If you are expecting a titillating description of erotic techniques sure to make you a hit with your lover, stop reading now.  You will be disappointed.

What whores know about sex is the difference between Theory Sex and Practice Sex, that is, the sex we say we do versus the sex we actually do. Theory Sex is mutual desire, arousal, and fulfillment enjoyed by equal partners without a power component.  This is the myth of heterosexuality.

 Practice Sex makes Theory Sex impossible.  It makes YES meaningless when NO is impossible.  Before you protest that no IS possible, suspend judgment for a moment.
We know that over forty percent of girls have been molested before they were eighteen.  We know that over forty percent of women have been raped.  We know that women are battered and killed everyday by men with whom they share or shared a bed.

Less that 8% of American women surveyed were able to say that they had never been raped, never fought off an attempted rape, never been grabbed and groped, never been seriously threatened with physical or economic harm if they didn’t put out.  Even that depressing figure is deceptive because “rape” is not defined from the perspective of its victims. “Have you ever had sex that made you feel violated?” might be a better question, because for rape to magically transform into legal sex requires only consent. Consent; acquiescence; not desire, just consent.  Verdicts in rape cases correlate not to the degree of harm done, but to the relationship between the parties; the better you know the rapist, the less your feelings matter. This is sex in practice.

Marriage is the theoretical home of Theory Sex.  Here, despite great disparity in pay, status, and power, there is supposed to be that mutual sex free of domination and submission.  
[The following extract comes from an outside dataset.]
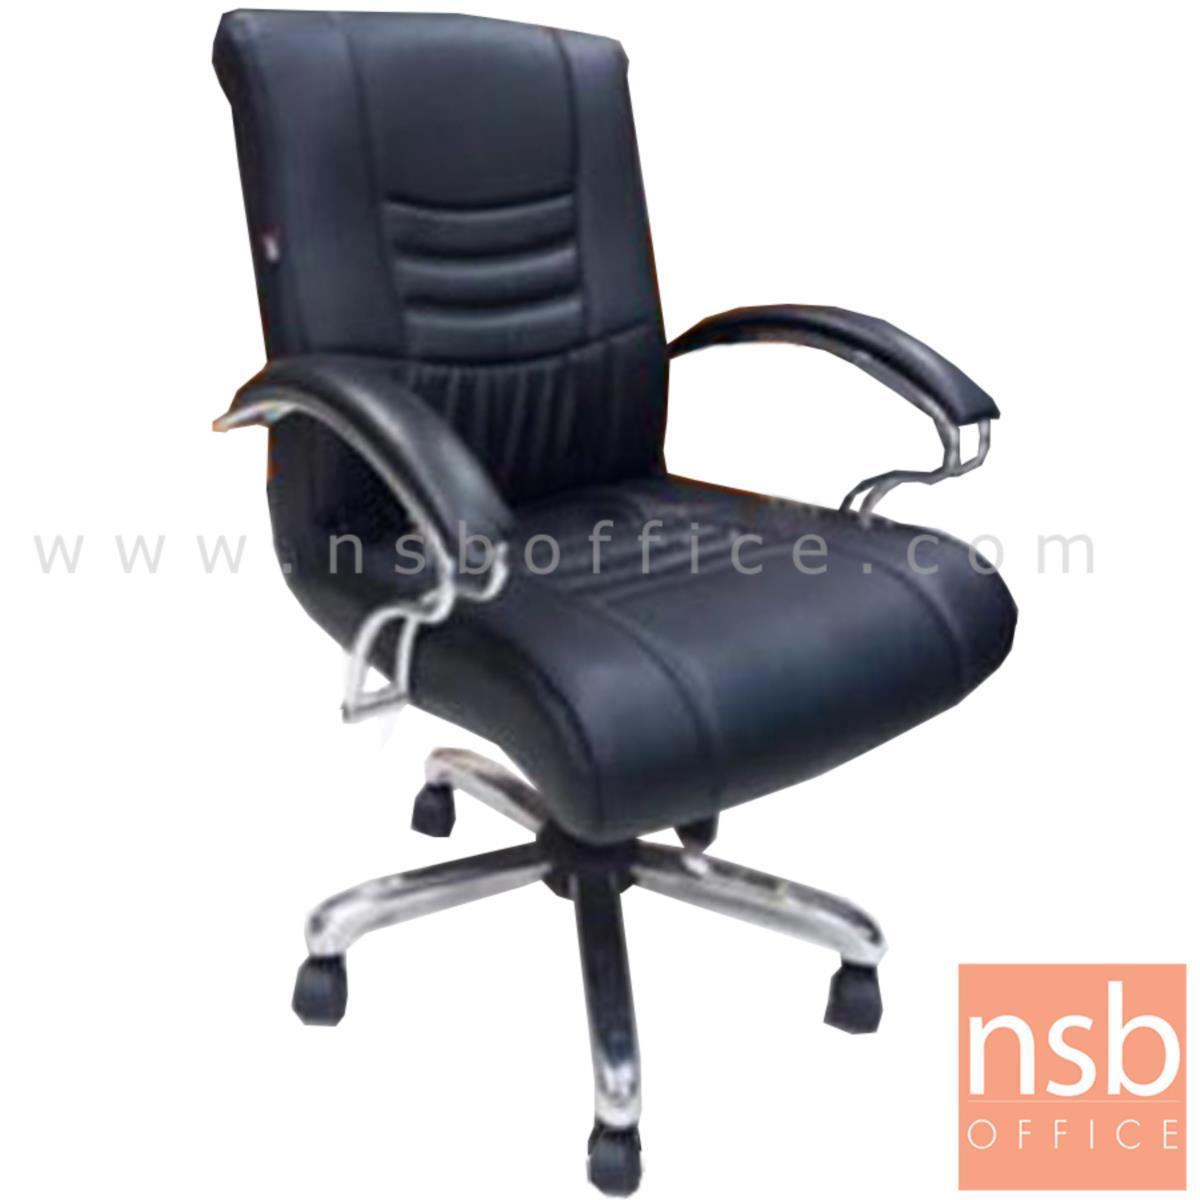 B03A437:เก้าอี้สำนักงาน รุ่น WSKM  โช๊คแก๊ส มีก้อนโยก ขาเหล็กชุบโครเมี่ยม

But what about the marriages where sex is part of a beating, or the “making up” after a beating; or the marriages where refusing sex will result in a beating; where saying no means a temper tantrum, or no grocery money, or the silent treatment, or a child’s ruined birthday party? What about marriages where pornography is used to show wives how “real women” should be, as if those pictured women who are having real things done to their real, bruised bodies were enthusiastic participants instead of dehumanized objects, paid or coerced to pretend they like what’s happening to them. What does a woman’s yes mean if she can’t say no?

Even if she loves sex with her husband, but just not tonight, how many nights can she say no before she’d better say yes, and simulate the enthusiasm to go with it? How much inconvenient honesty will he tolerate?  If she loves her husband, and doesn’t want to hurt his feelings, “yes” is easier; a little acting in a good cause never hurt anybody, right? Well, not anyone who isn’t regarded as a fully authentic human, anyway.  

How many of us have wondered, in the dark quiet afterward, what sex is, and if lying and pretending are kindness or cowardice, and would it be OK to just do it without the deception, or will truth make the whole thing collapse like a house of cards? Besides, being “sexy” is much of what makes us attractive and desirable; it is a way of expressing love, if not always real passion. Can a woman ever be authentic if only inauthenticity makes her feel feminine?  

Have we dared to wonder if the man we love suspects any of this?  Is it OK with him as long as the heterosexual myth is maintained?  I ask again, what is sex, what is love, what is a woman?

I’m tired, and I’m going home to cry, not because sexual desire unburdened by dominance and inequality, love that thrives in truth, and humanness are in such short supply. I wept my fill for those years ago.

  I’ll cry tonight because I’m afraid people want to believe that they already have those things more than they actually want them.